Most problems in Data Science fall into one of two categories of problems: Classification or Regression. It is important to understand the distinction, as this ultimately helps to identify what models are chosen to complete the task and how to evaluate them. But what is a classification problem, and what is a regression problem? How do they differ, and how does it affect our evaluation of models? I will attempt to explain this below.
Classification
A classification problem is one where the outcome is made up of discrete results. These are items that are distinguishable and do not overlap. An example would be being able to distinguish between items that are different colors - red, green, blue black. The colors have specific boundaries, and they do not overlap. Another simple example is determining if something is True or False, or Off or On.
Regression
On the other hand, a regression problem is one where the result is continuous. The outcome of different data points is part of one continuous result. For example, let's assume that all the colors that we can represent are in a range of numbers from 0 to 255, where 0 represents black and 255 represents white. We could have colors 1.2 for an off-white, 2,4 for pinkish, 2.53 for reddish etc. The outcome is part of one continuous result.
Evaluation
Classification
Classification problems tend to be the easiest to evaluate, and we have developed different metrics for determining how well a model is able to predict the outcome.
Methods
Some methods for assessing the predictability of classification problems include accuracy, precision, recall, F1-score, and AUC (Area under the curve). These metrics are normally presented in percentages and or numbers between 0 and 1. The higher the percentage or the closer the value is to 1, the closer the prediction is to the actual value.
Regression
Unlike classification problems, where the goal is often to predict a label, regression problems focus on predicting a numeric value. Examples include temperature, height, and velocity. This series of numeric values can be plotted on a graph and compared to the actual values. The residual or error can be calculated by determining the difference between the predicted and actual curves.
Methods
The two more common methods for evaluating a regression problem are the Mean Squared Error and Root Mean Squared Error. The RMSE is often preferred because it represents the average deviation from the actual values. The smaller the RMSE, the closer the predicted curve is to the actual curve.

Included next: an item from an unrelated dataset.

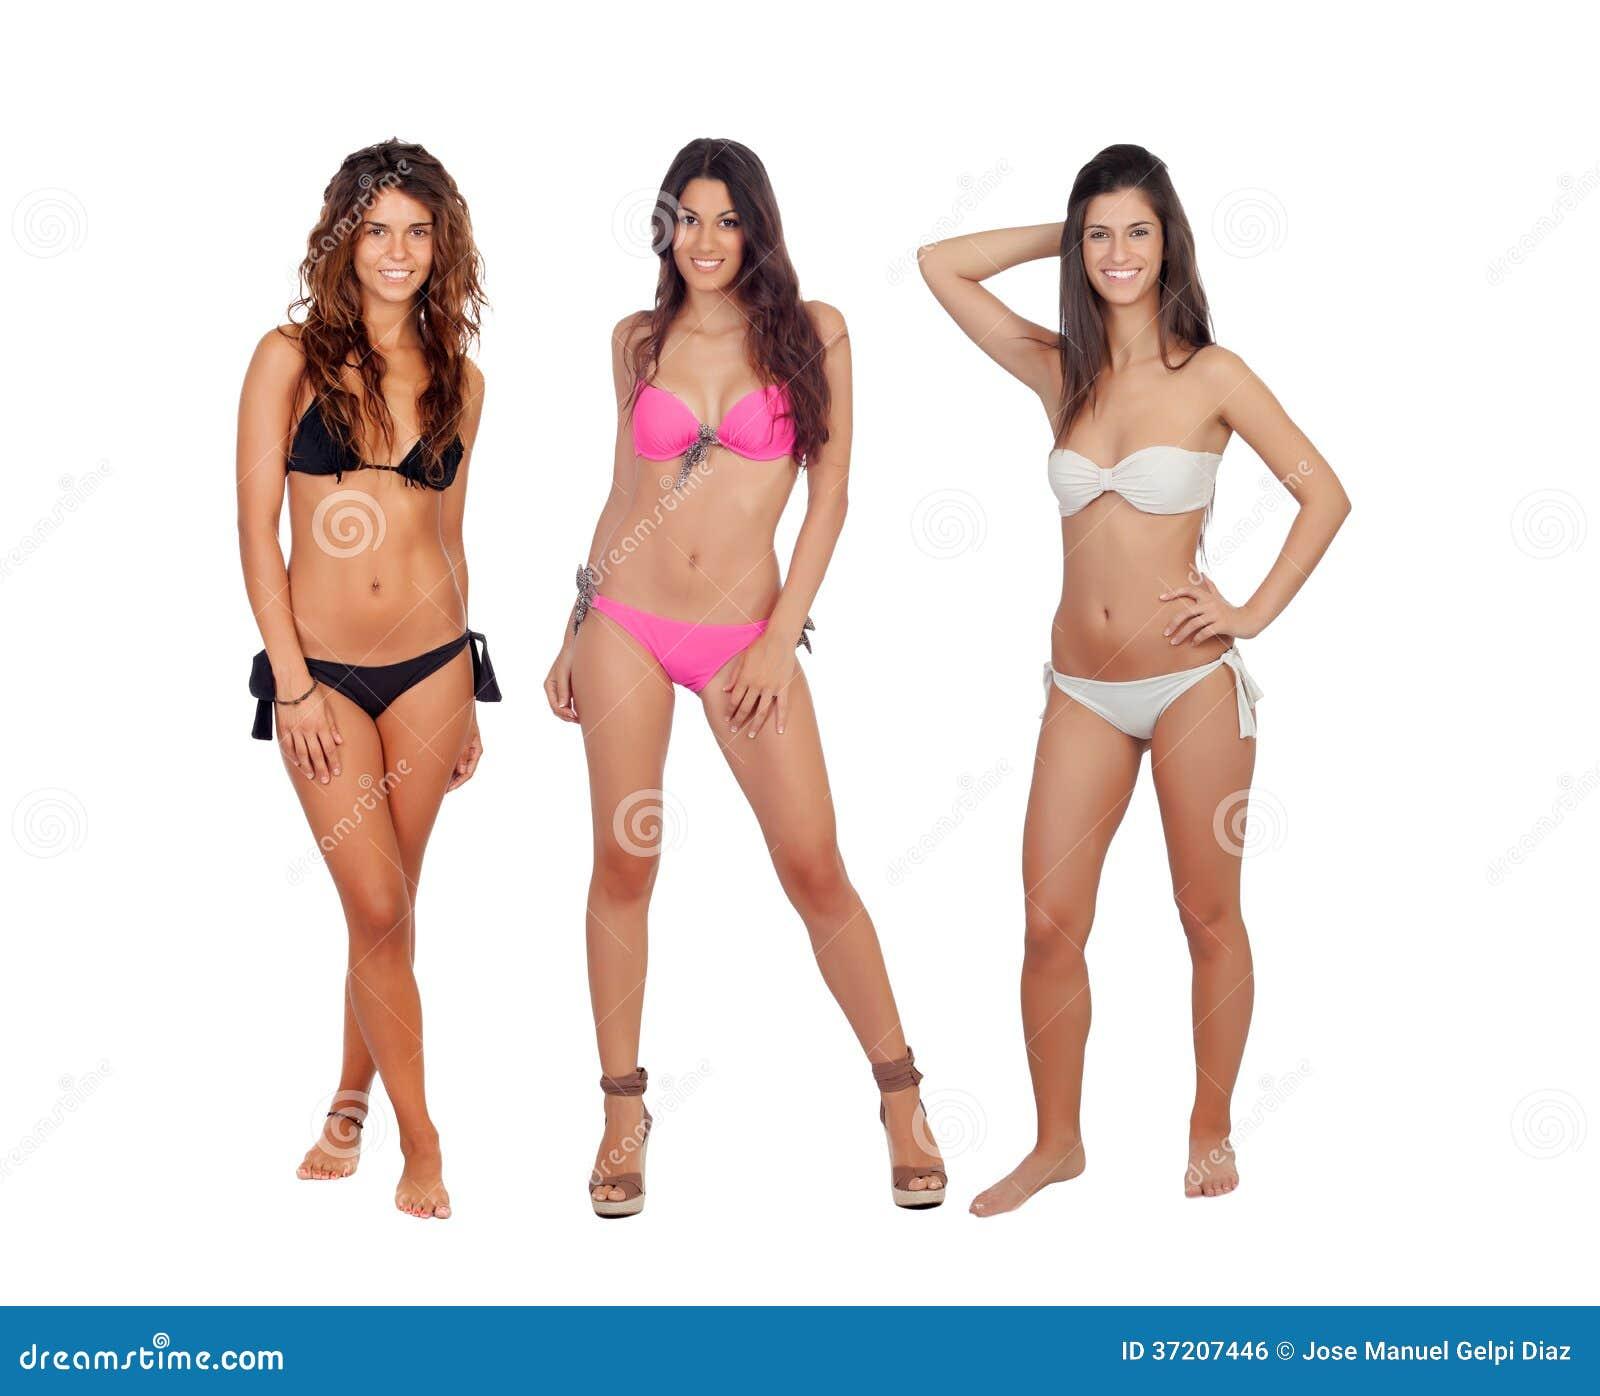 Three beautiful models in bikini

As a side note, a Regression problem can be presented as a Classification problem if the results are binned. For example, values can be grouped into ranges, and if a value falls within a range, it can be classified as belonging to one of the bins. However, it is always important to determine what the expected result from training a model should be - will it be a value or a label? Having determined this, you can choose between models used for classification and or regression. Finally, once you determine what sort of model you are going to use, you can determine how best to evaluate it, i.e. F1-score, accuracy, precision and recall or MSE or RMSE.